I am creating an application in spark. I use avro files in HDFS with Hadoop2. I use maven and I include avro like this :
<dependency>
<groupId>org.apache.avro</groupId>
<artifactId>avro-mapred</artifactId>
<version>1.7.6</version>
<classifier>hadoop2</classifier>
</dependency>
I did a unit test and while I use mvn test, all work.
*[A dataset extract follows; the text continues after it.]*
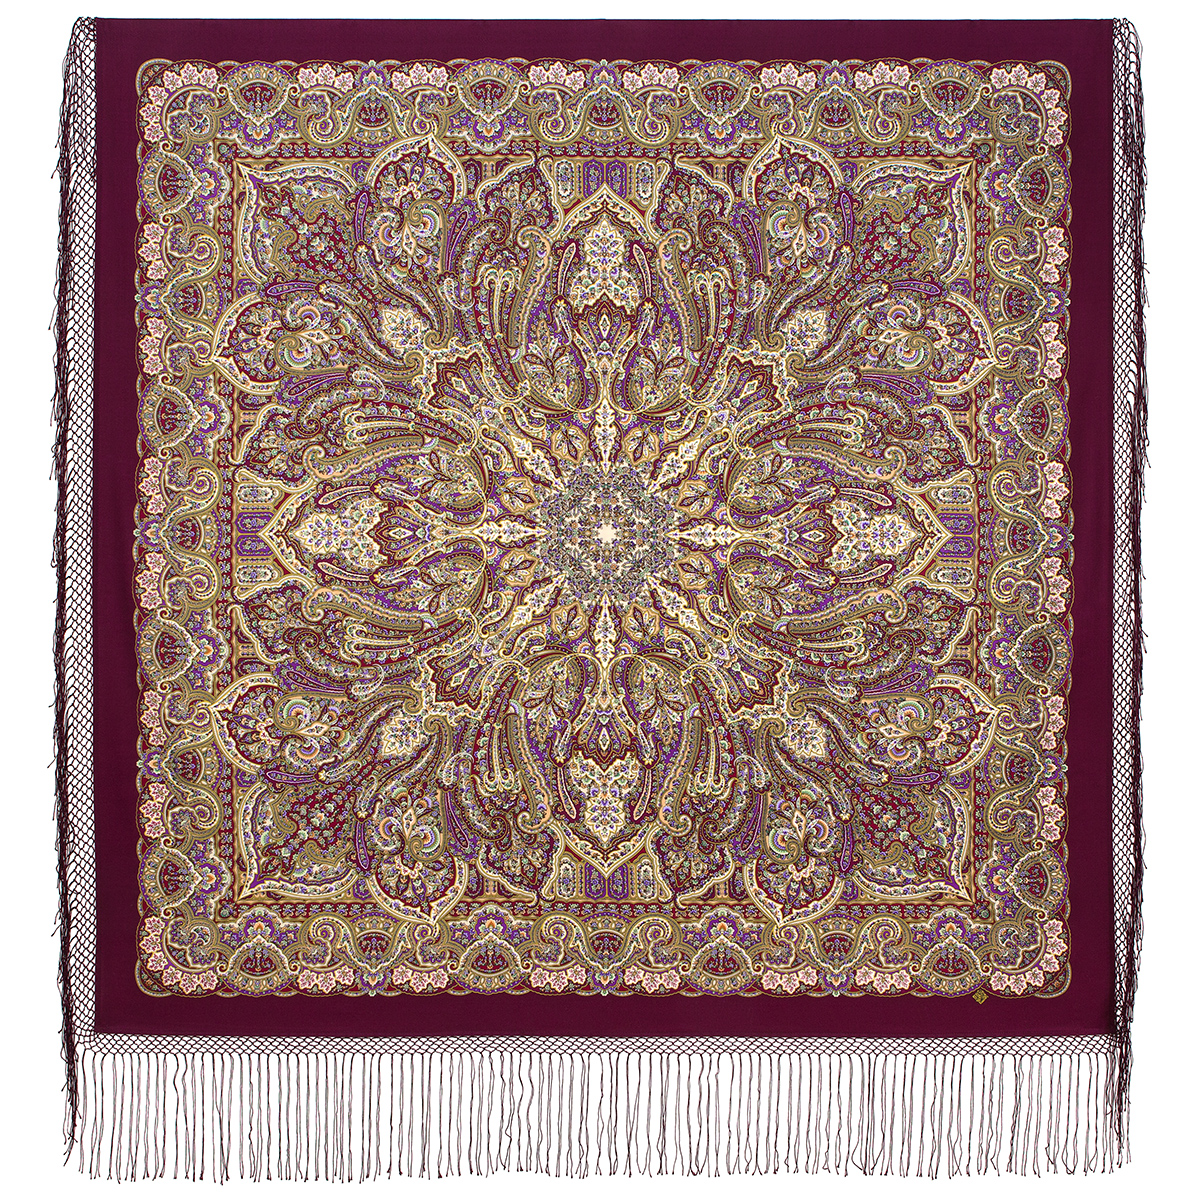 Платок женский Павловопосадский платок 1857 бордовый/сиреневый, 148х148 см

But While I launch with spark submit no ! and I have this mistake :
Exception in thread "main" org.apache.spark.SparkException: Job aborted due to stage failure: Task 1 in stage 0.0 failed 1 times, most recent failure: Lost task 1.0 in stage 0.0 (TID 1, localhost): java.lang.IncompatibleClassChangeError: Found interface org.apache.hadoop.mapreduce.TaskAttemptContext, but class was expected
at org.apache.avro.mapreduce.AvroKeyInputFormat.createRecordReader(AvroKeyInputFormat.java:47)
Can you help me ?
Thank you
Ok, I fond the solution :D Thanks to http://apache-spark-developers-list.1001551.n3.nabble.com/Fwd-Unable-to-Read-Write-Avro-RDD-on-cluster-td10893.html.
The solution is to add jar in your SPARK_CLASSPATH
You can download the jar here : http://repo1.maven.org/maven2/org/apache/avro/avro-mapred/1.7.7/